> [Supplied material]:
===

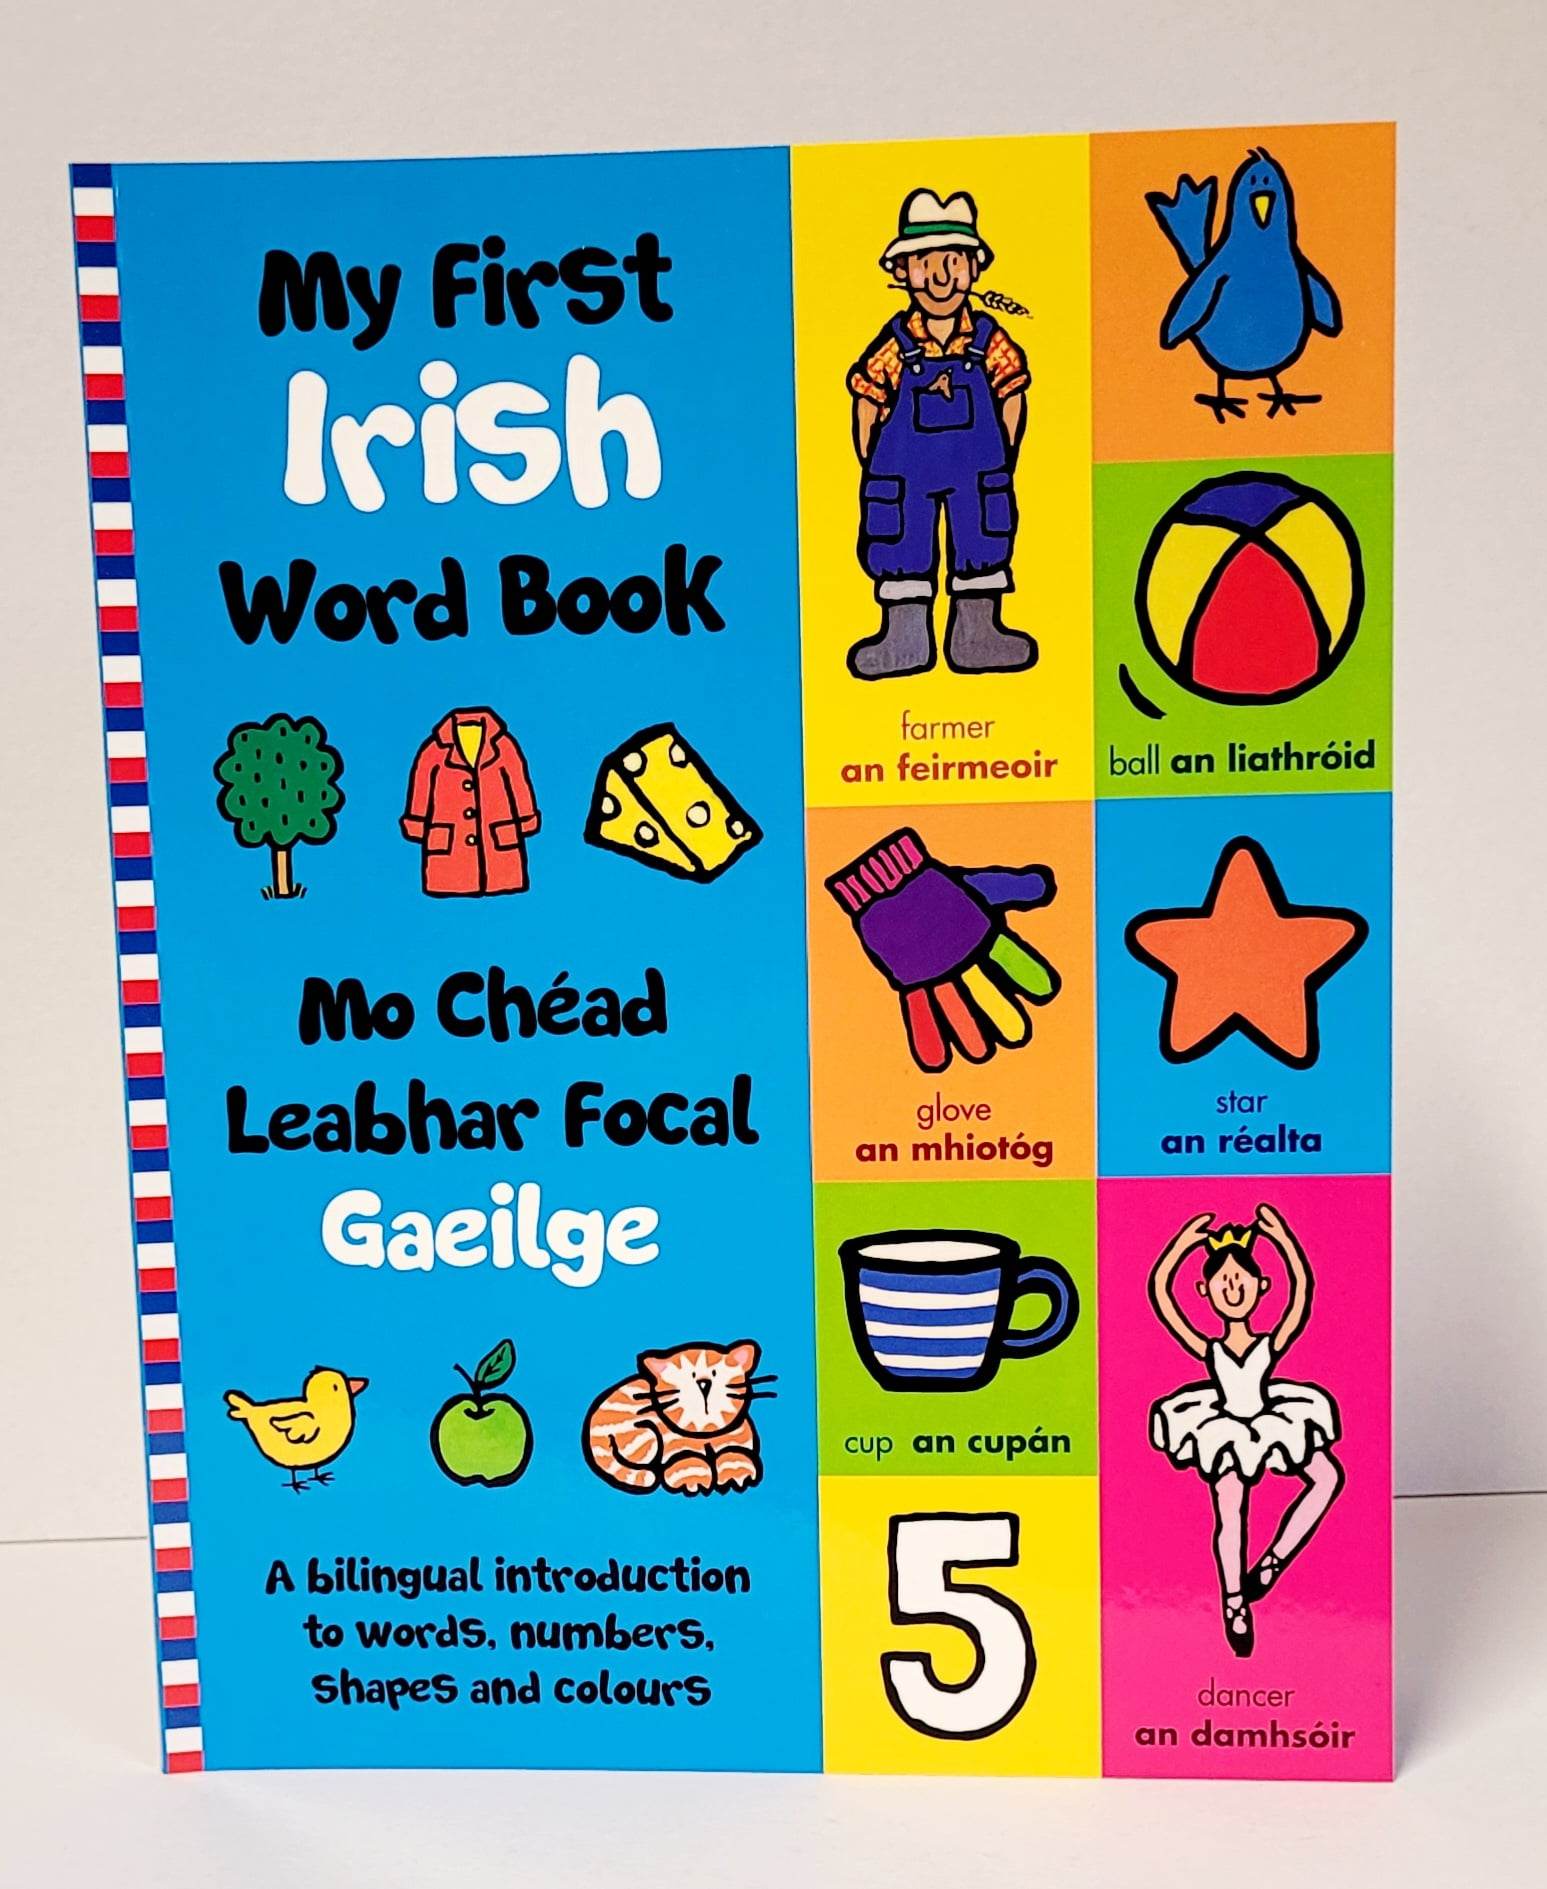 My First Irish Word Book ( Mo Chéad Leabhar Focal Gaeilge)
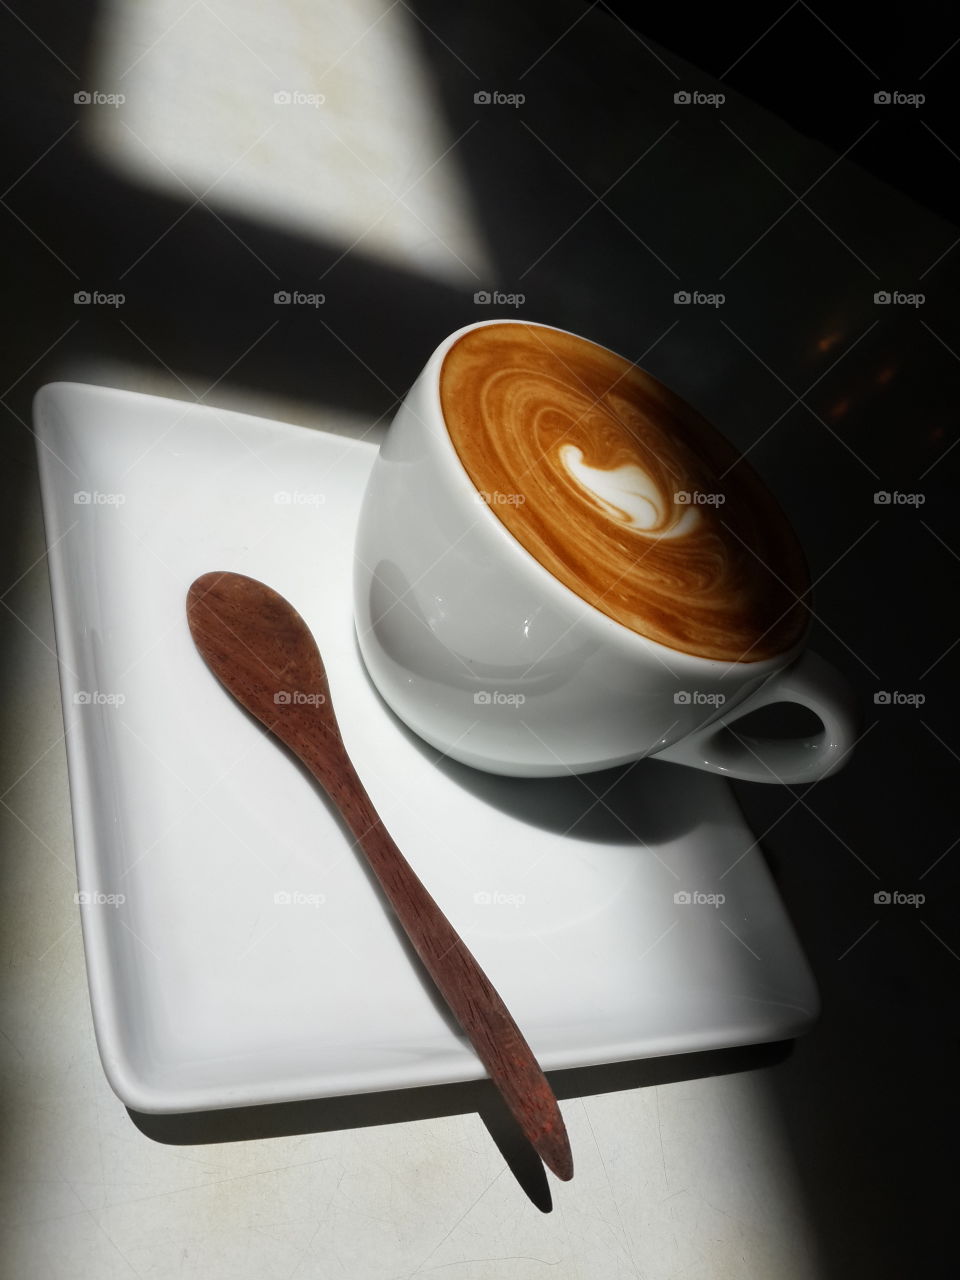 coffee latte in the shadow. art
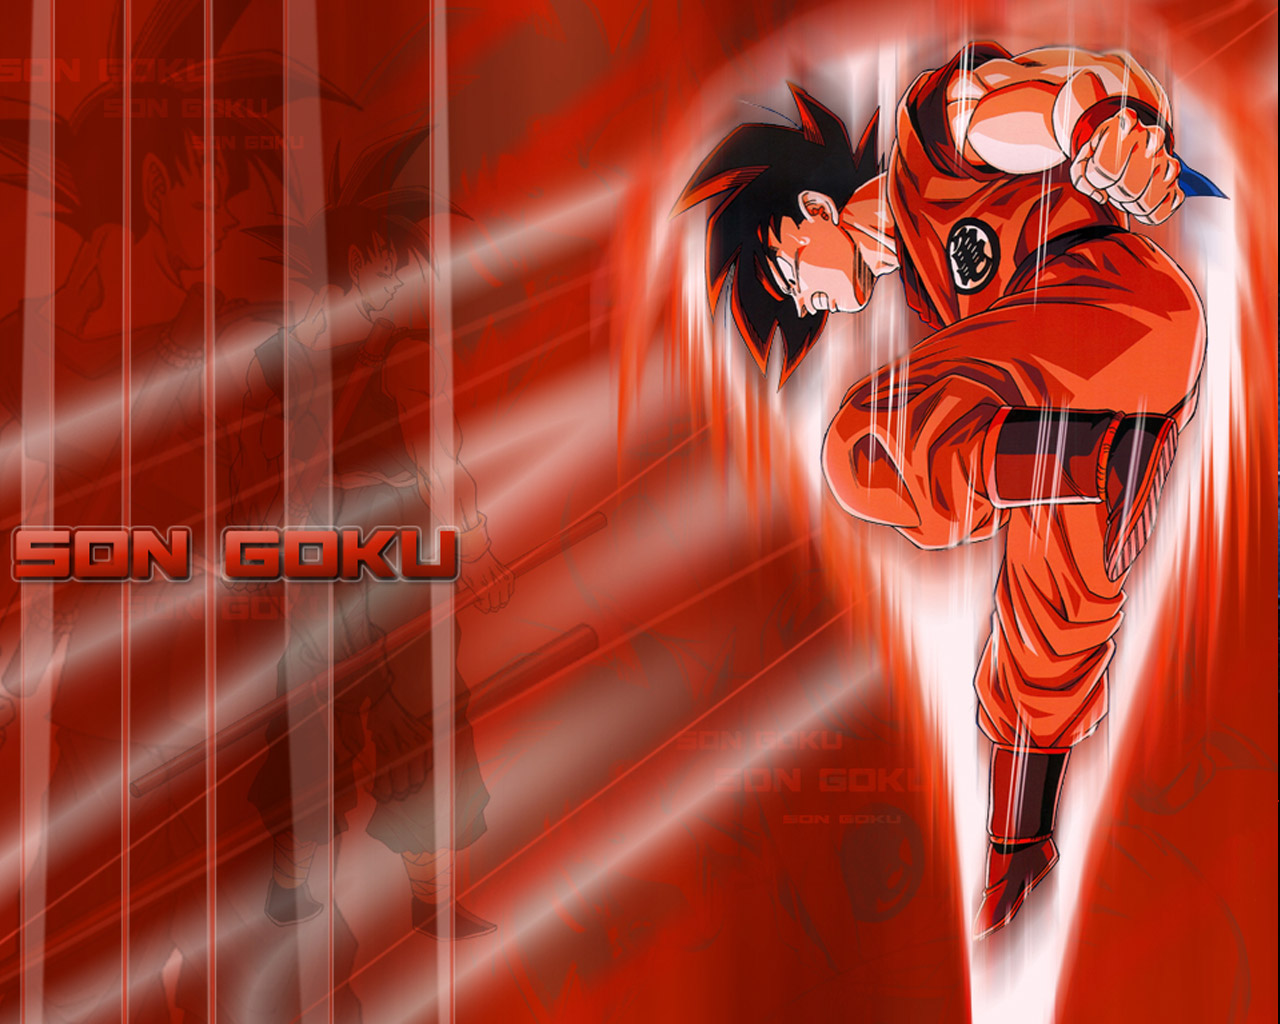 Goku Image HD Wallpaper And Background Photos

===

> [The task]:
Every line above should be repeated exactly; pictures stay out of the copy.

> [Task answer]:
 My First Irish Word Book ( Mo Chéad Leabhar Focal Gaeilge)
 coffee latte in the shadow. art
 Goku Image HD Wallpaper And Background Photos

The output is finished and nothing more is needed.